云巡披散着头发跳下马车,魔域昏暗的月光落在她的脸上,手中握着一把长剑,对周围的事情漠不关心。
离她不远的地方,就有受伤的修士在无助地求救哀嚎,也没有激起她半分怜悯。
无论是人族的消亡、还是魔族的毁灭,于云巡而言,似乎都是不值得在意的小事。她可以漠视一切生命在她面前痛苦地挣扎、崩溃地消散。何扶安只来得及看上一眼,便咽下喉咙中的鲜血,刺向另一个魔物。云巡踩在血泊里,迈过残肢断臂,停留在一片树荫下面。地面晃动得十分厉害,魔气与灵力相撞产生的波动已经远远超过这块魔域所能承受的力量,有什么东西正在地底呼之欲出。她伸手摸了摸地面。
魔域的土壤掩盖着一座古老的石碑,上面还有一丝熟悉的气息。车厢里的乞丐发出一声痛苦的哀嚎,地底里的石碑感觉到碎片的靠近,像一颗种子从深处向上钻出。
魔尊的力量太过可怕,邪花一点点侵略修士的防线,即使他本尊未至,仍然有能力将这里的形势完全统治。
魔尊只有半神境能与之一战,半神境在人族也是寥寥无几。“撤吧,大师。"何扶安的手指控制不住地在发抖,暂时想不到应对魔尊的办法,“我们拦不住他的。”
天下宗盟收到灵师的消息,下令不惜一切代价,也要取回灵师碎片。眼下折损了一些修士,不过碎片还在,他们要尽快护着人赶紧出去才是。明空挡住一根枝条,忽然感应到了什么,嘴角勾起一丝笑意。“有人能拦得住。”

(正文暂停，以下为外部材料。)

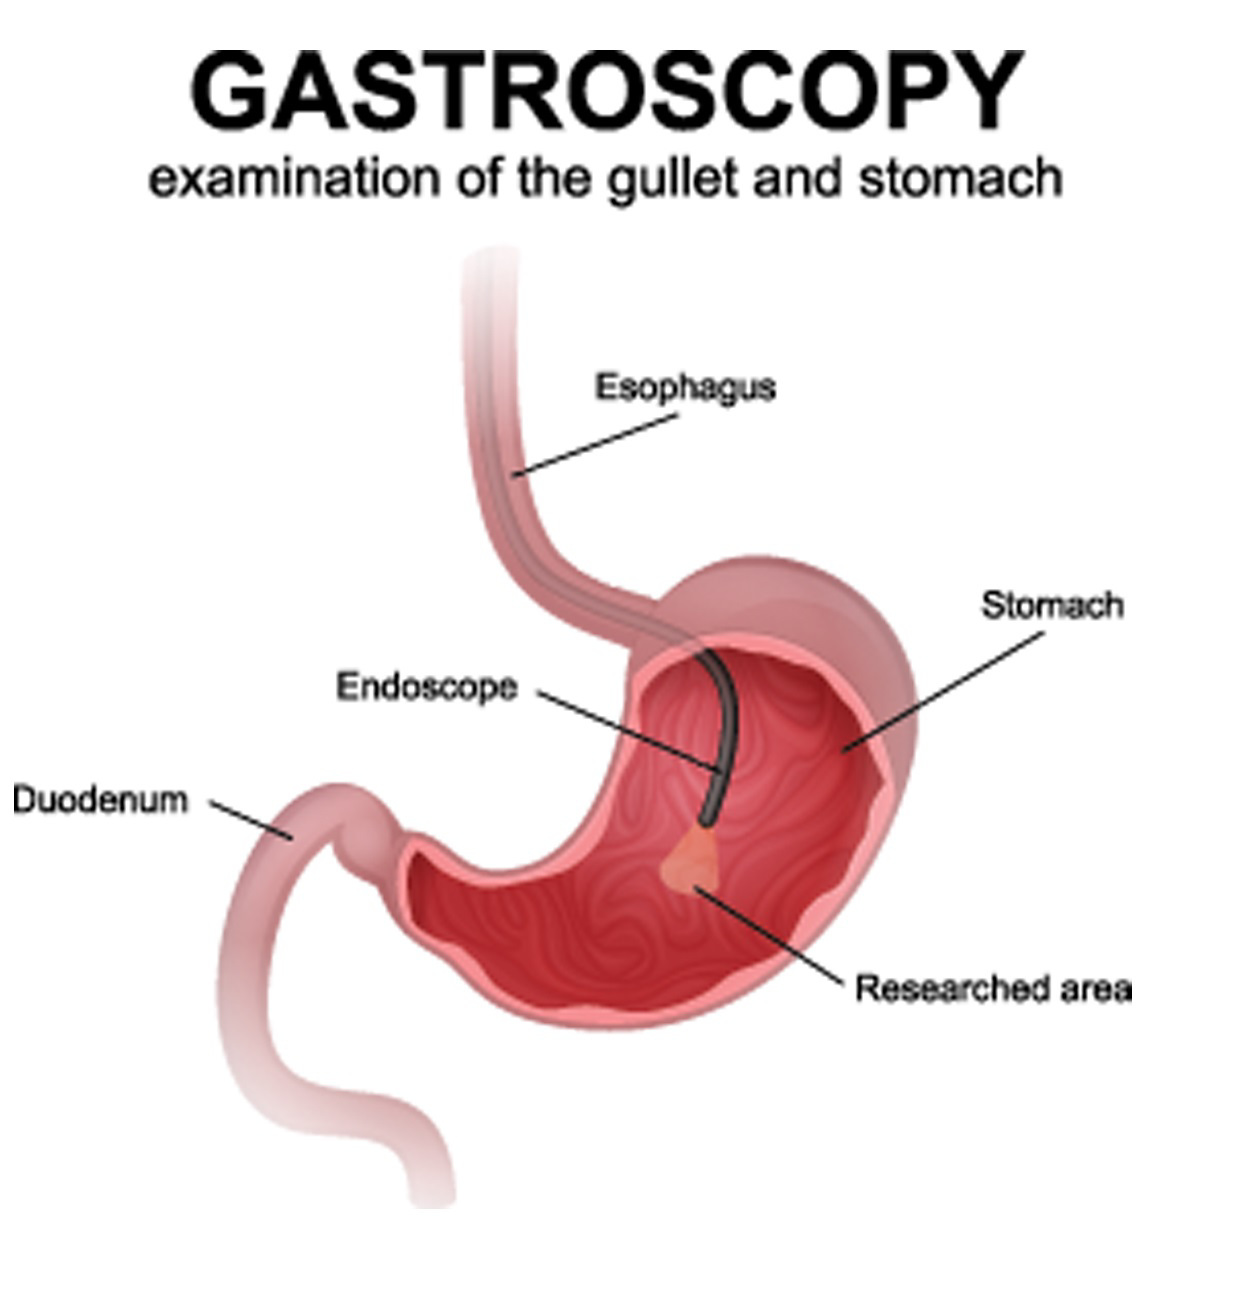 Blog - Diagnosing Gastroenterology Conditions with Imaging Studies

话音刚落,一缕剑光由远及近,从很远的地方划破虚空穿破了邪花的根茎。半空中,一道白影持剑负手悬在一轮巨月之前,身体上周围散发着淡淡的月光,手中的无想剑缓缓地滴落着海呼之母的血。仙尊与魔尊的气息在无形中互有感应,双方瞬间消失在原地,折断的邪花深入地底,根须如蛛网将整个地面包裹住。他们双方交锋数十招,魔域的地面终于轰隆一声开始坍塌。“不好,快跑!”
“这里要毁了,离开那里!”
修士们拼命地往外跑,但魔物没有灵智不知危险,还在疯狂地发起进攻。魔君心神一灵,看向脚下,随后瞬间消失在原地。土地一寸寸崩裂,前所未有的混乱在人群中蔓延。祁川和邪花同时向后退去,脚下变成深渊,一座巨大的石碑从深处拔地而起。石碑高耸入云,将战场一分为二。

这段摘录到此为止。